Sheets that were opened as stream, should be closed to free allocated resources.
sheet := xl.Sheet(0, xlsx.SheetModeStream)
//close sheet to free allocated resources
defer sheet.Close()
Stream Mode
If sheet previously was opened in normal mode, then you can't open it in stream mode. The reason is simple - streaming is for optimization, if information was totally loaded, then nothing to optimize.
Merged cells, Hyperlinks and etc
By default, there is no access to merged cells, hyperlinks and conditional formatting information, to get access you should open sheet in Multi Phase
mode. In that case sheet will be processed few times - first one to load later
information, such as merged cells, and last phase for actual streaming cells info.
sheet := xl.Sheet(0, xlsx.SheetModeStream, xlsx.SheetModeMultiPhase)
defer sheet.Close()
Example
package code
import (
"fmt"
"github.com/plandem/xlsx"
)
func Example_readStream() {
xl, err := xlsx.Open("./foo.xlsx")
if err != nil {
panic(err)
}
defer xl.Close()
sheet := xl.Sheet(0, xlsx.SheetModeStream)
defer sheet.Close()
totalCols, totalRows := sheet.Dimension()

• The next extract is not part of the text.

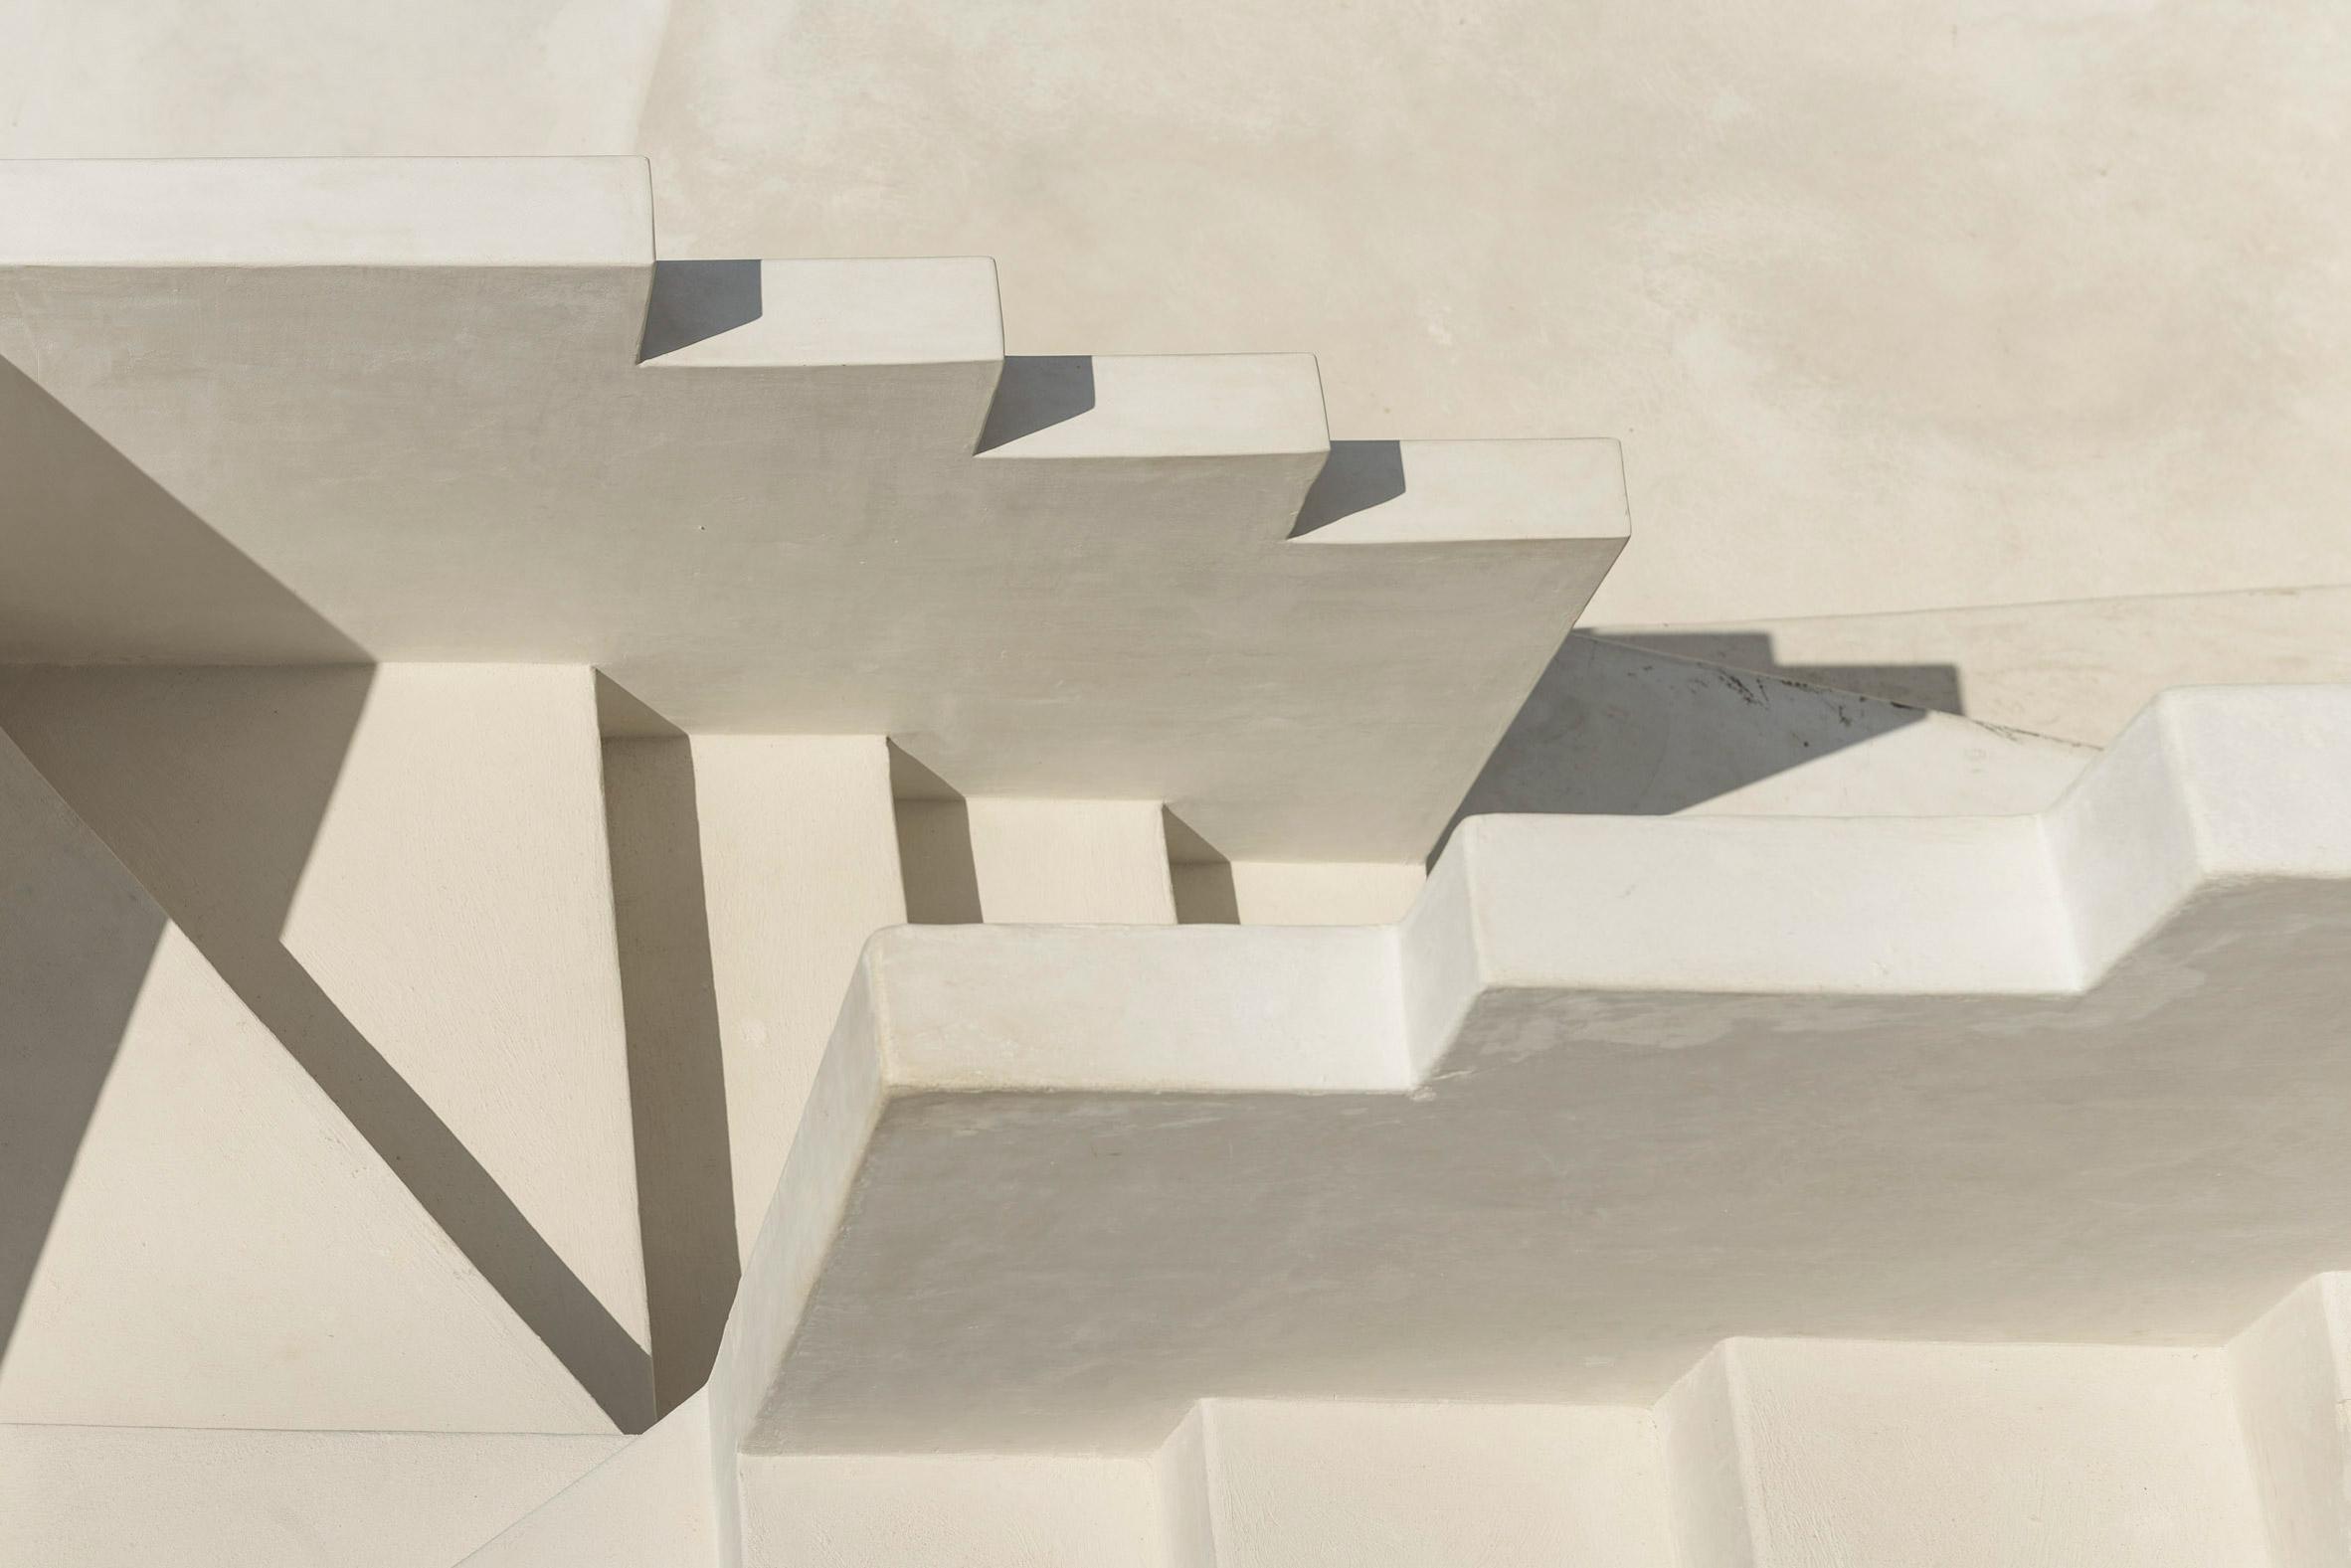 tulum-treehouse-colab-studio_dezeen_2364_col_50.jpg

for rIdx := 0; rIdx < totalRows; rIdx++ {
for cIdx := 0; cIdx < totalCols; cIdx++ {
cell := sheet.Cell(cIdx, rIdx)
fmt.Println(cell.String())
}
}
}
Writing sheet
To stream out sheet, you should create it with Stream
mode. After that you can access cells in sheet in a normal way.
sheet := xl.AddSheet("new sheet", xlsx.SheetModeStream)
N.B.
Sheets that were created as stream, will auto close self during save phase, so no need to close it manually.
Example
package code
import (
"github.com/plandem/xlsx"
"github.com/plandem/xlsx/types"
)
func Example_writeStream() {
xl := xlsx.New()
sheet := xl.AddSheet("Sheet1", xlsx.SheetModeStream)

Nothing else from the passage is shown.